To follow that logical train, then Bates’ recantation was "proof" that she was raped, just as Bates’ earlier story also was proof of the crime. Likewise, since Victoria Price claimed to her grave that she had been raped on that train by the Scottsboro Boys, that also, according to modern feminists, constitutes “proof” of the rape.

Yet, the Scottsboro Boys case is universally recognized as a monumental travesty of justice in this country, and it is recognized as a travesty because the medical evidence, as well as contradictory stories from the accusers pointed strongly toward the defendants’ innocence. Are feminists going to go on the record to say that Knight was correct and that Horton and the defenders of the Scottsboro Boys were wrong?

After all, if the "woman always is to be believed," then we must believe Peterson and Bates (at least her original story). Thus, if modern feminists are to be consistent in their thinking, then the real travesty in the Scottsboro Boys case was not their having been imprisoned, but rather their having been freed and not put to death.

Conclusion

If we have learned anything from the Scottsboro Boys case, it is that history seems to repeat itself, but often as farce. Many of the same people who would recognize that the events in Alabama of the 1930s were a travesty of justice are now willing to do exactly what the white mobs in Scottsboro were demanding. In other words, they have learned nothing from Scottsboro except for how to devise methods to railroad other innocent people into prison.

If there is anything that can be learned from either case, it is that human beings are terribly flawed creatures who are capable of doing evil things to one another.
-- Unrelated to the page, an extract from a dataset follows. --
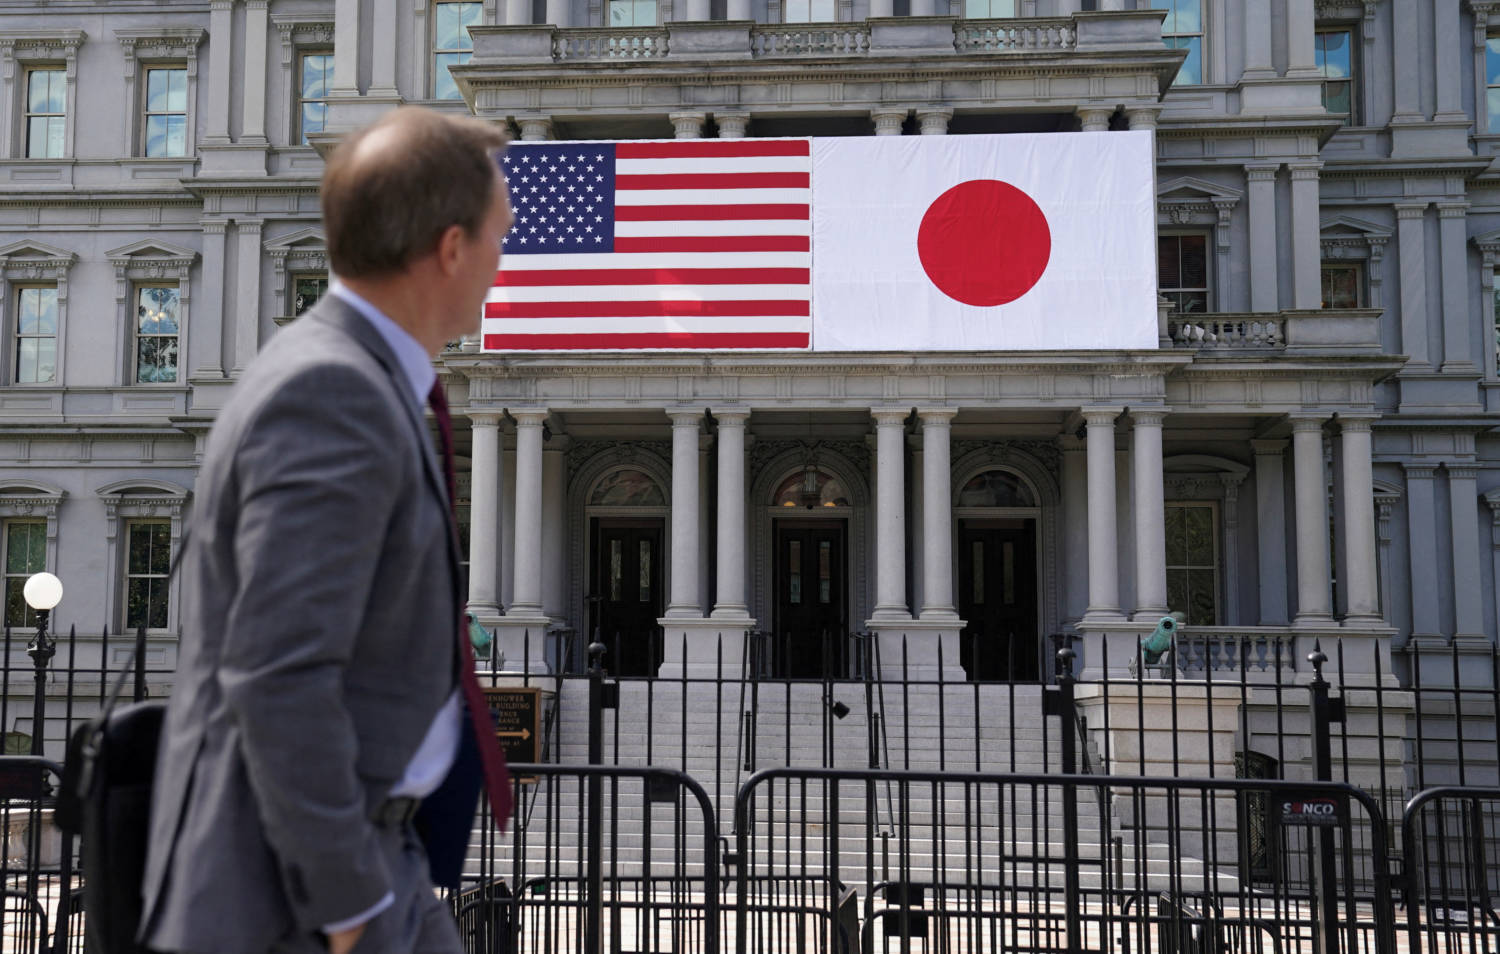 File Photo: Japanese And U.s. Flags Near The White House In Washington Ahead Of State Visit

It also demonstrates that a system of justice that is populated with people who do not care about the truth is going to be a machine of injustice. One would hope that people are capable of learning the lessons of the past, but if the Duke case is an indication of modern American jurisprudence, then we have gone backwards.

After all, there were thousands of people who supported the Scottsboro Boys. The Communist Party USA for a brief time actually stood for justice. (That same party would stand solidly behind Josef Stalin’s infamous Moscow Show Trials in a few years.) And in Alabama, there was at least one judge — one employee of the State of Alabama — who showed courage, principle, and integrity.